July 30, 2014

“The Little Red Schoolbook” is back! Expect playground sit-downs, principled truculence, children confronting you about masturbation…

by

The new edition. Image via Pincher & Martin's Facebook page.

The new edition. Image via Pincher & Martin’s Facebook page.

It’s been a long time coming—over forty years—but the full, unexpurgated edition of The Little Red Schoolbook, a controversial book of advice and information for children written by two Danish schoolteachers Søren Hansen and Jesper Jensen, is finally available again in the UK. Publishers Pincher & Martin released a print edition of the book earlier this month, and an ebook will follow.

Originally brought out in the UK in 1971 by Stage 1 Publishers, the book was deemed obscene, over 1,000 copies were confiscated, and its publisher Richard Handyside was put on trial in a case that eventually went to the European Court of Human Right, which ruled against Handyside despite affirming that “Freedom of expression…is applicable not only to ‘information’ or ‘ideas’ that are favourably received or regarded as inoffensive or as a matter of indifference, but also to those that offend, shock or disturb the State or any sector of the population.”

The book is full of frank talk, and it was the material about sex that prompted the obscenity charge; Hansen and Jensen took on masturbation, abortion, pornography, and other aspects of sexuality directly. They also had a sense of humor about it. Here they are (in Berit Thornberry’s translation) on masturbation, from a Guardian article by Joanna Moorhead about the reissue:

“If anybody tells you it’s harmful to masturbate, they’re lying. If anybody tells you you mustn’t do it too much, they’re lying too, because you can’t do it too much. Ask them how often you ought to do it. They’ll usually shut up then.”

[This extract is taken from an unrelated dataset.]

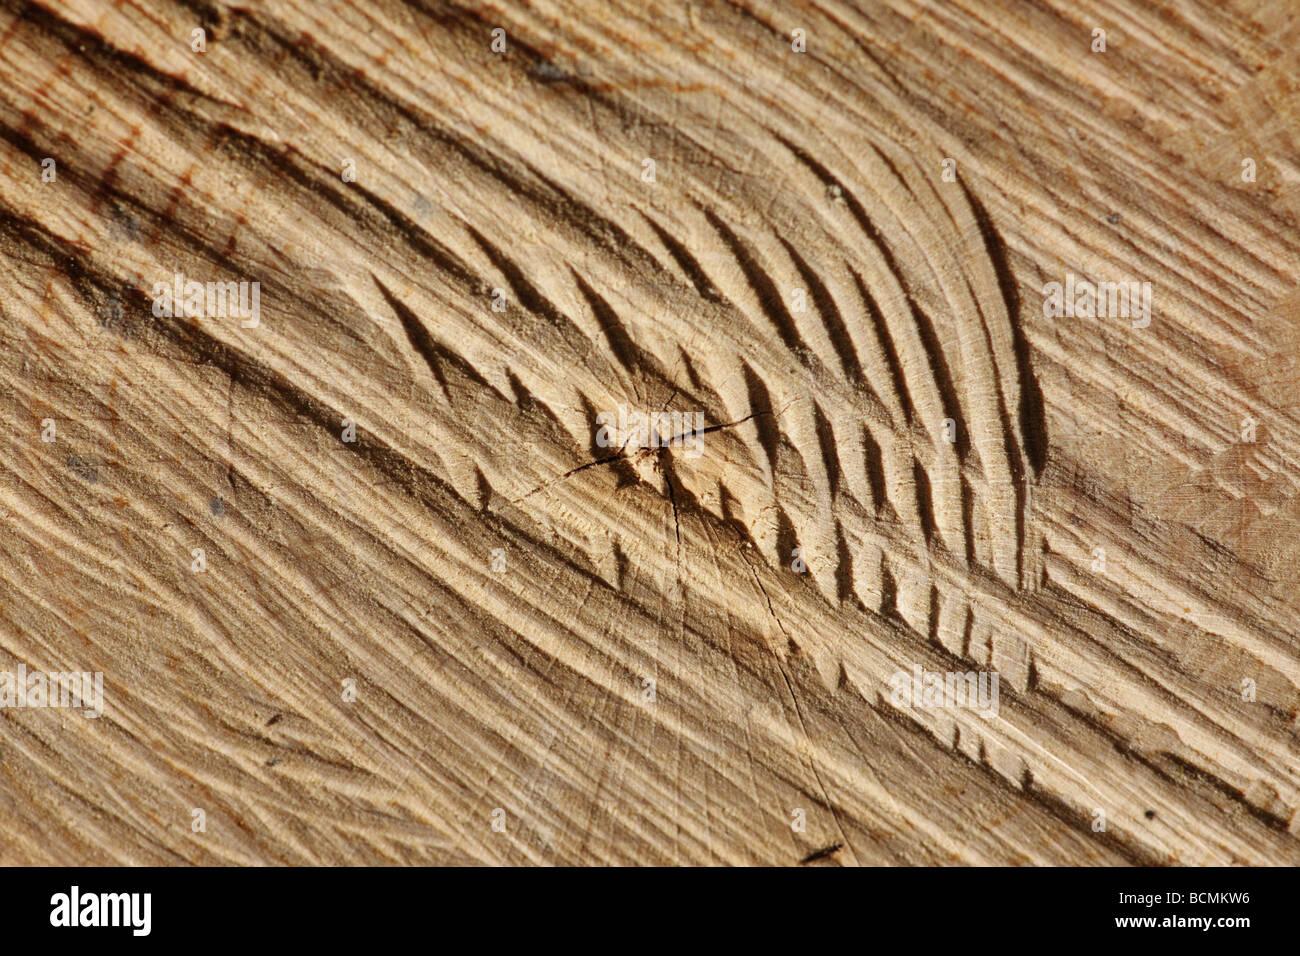 sawed tree - Stock Image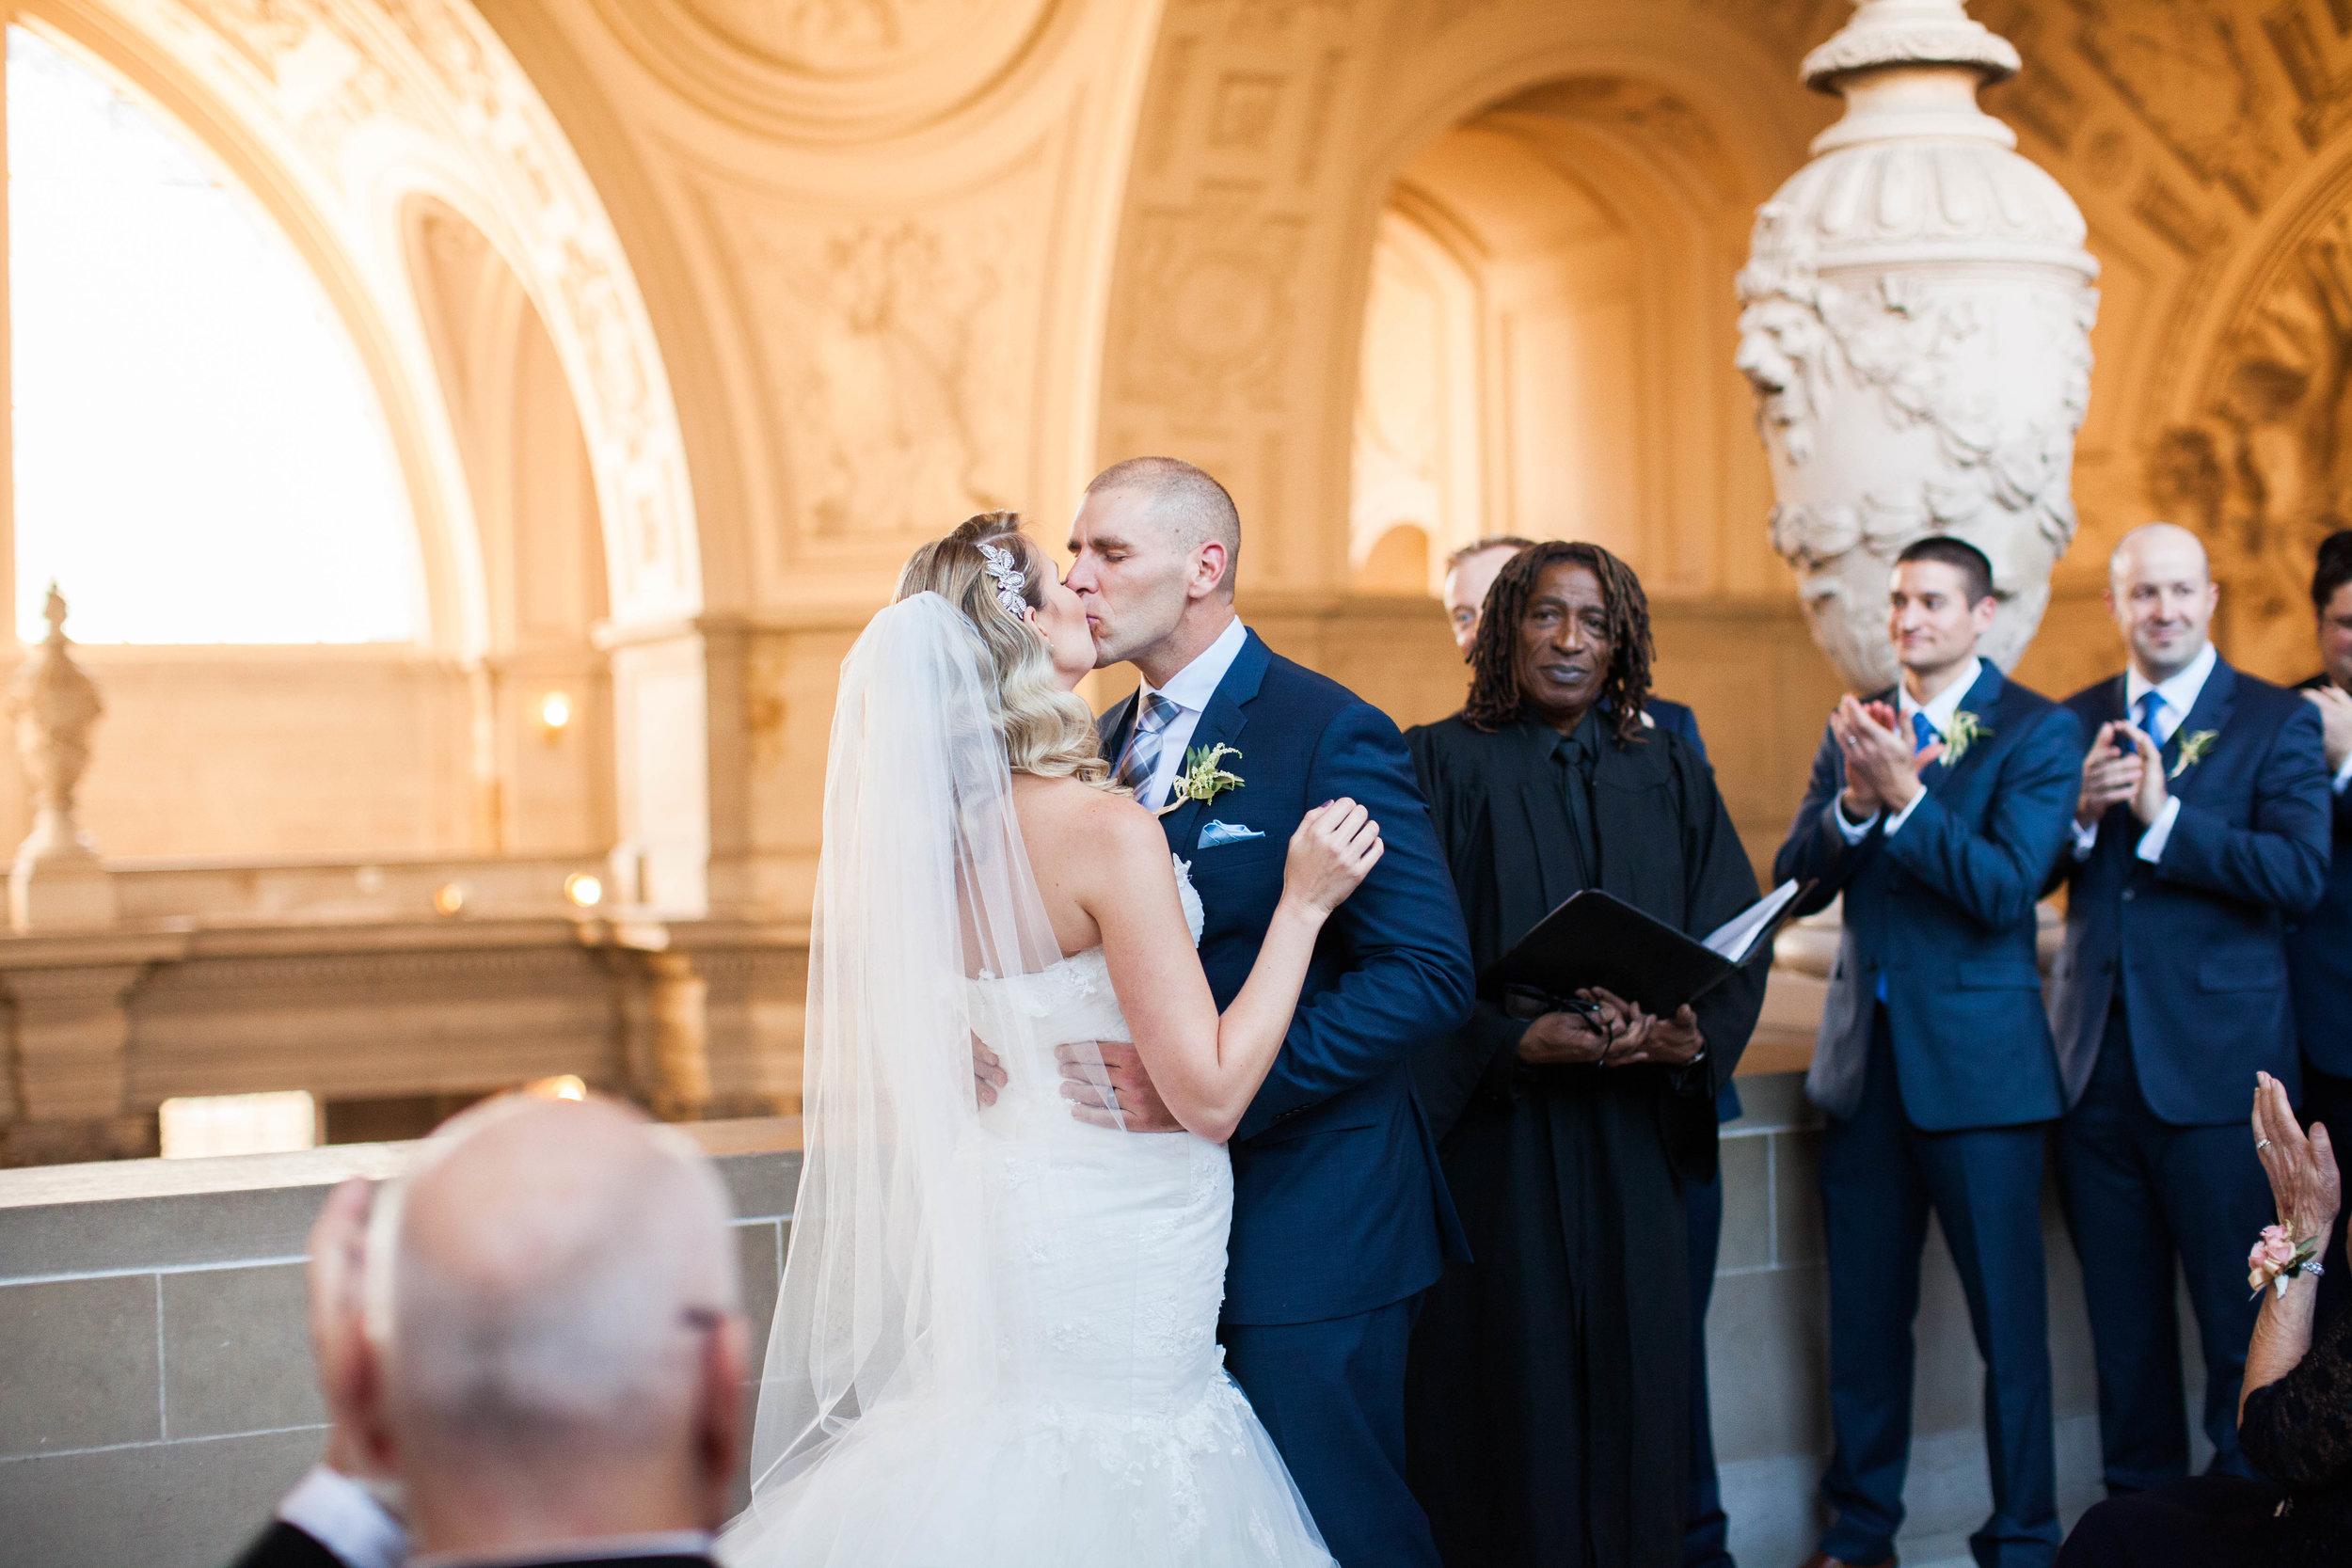 san-francisco-city-hall-wedding-kimberly-macdonald-photography665 copy.jpg

Percentage-wise, though, far more of the book is about the less sensational subject of education – how people should teach and learn, relations between teachers and students, thoughts on exams, schedules, and punishment, on authority and protest. Pincher & Martin have been tweeting the entire contents of the book since publication, and though some of its advice for children hasn’t aged that well in the wake of the last thirty or so years of education (“If you think a particular teacher isn’t very good at teaching, you should try to work with him to make his teaching better” especially raises the specter of smug, entitled tweens telling you how to do your job), the fundamental message — that children should think and act both for themselves and collectively, which sometimes might involve staging a sit-down in the playground — is still good to hear, for children and ex-children alike.

Hansen and Jensen certainly considered their anti-authoritarian approach, rather than the content, the most radical aspect of The Little Red Schoolbook. Interviewed for a 2007 documentary about the Australian edition, Jensen commented: “I think the really controversial thing is that we went directly to the children, around the grown-ups, the parents, teachers…”

Writer Jenny Diski, who was a new teacher and involved in setting up a free school at the time, remembers the furor around the book when it was first published, writing the following in a recent blogpost for the London Review of Books:

It’s almost as much fun now as it was then to rediscover how scared such people were of releasing information to the young. They were running around squealing about no end of terrors from The Little Red Schoolbook, to the Schoolkids’ Oz edition, to those who were trying to alter teaching to take account of the pupils’ lives and needs, rather than the needs of capitalism for a workforce none too well educated… It’s hard to credit the meanness and stupidity and the fear of social turmoil that wafted around then. They needn’t have worried. It turned out it was only their funk that gave us the idea that society might change if we gave it a push in the proper direction.

 

Sal Robinson is an editor at Melville House. She's also the co-founder of the Bridge Series, a reading series focused on translation.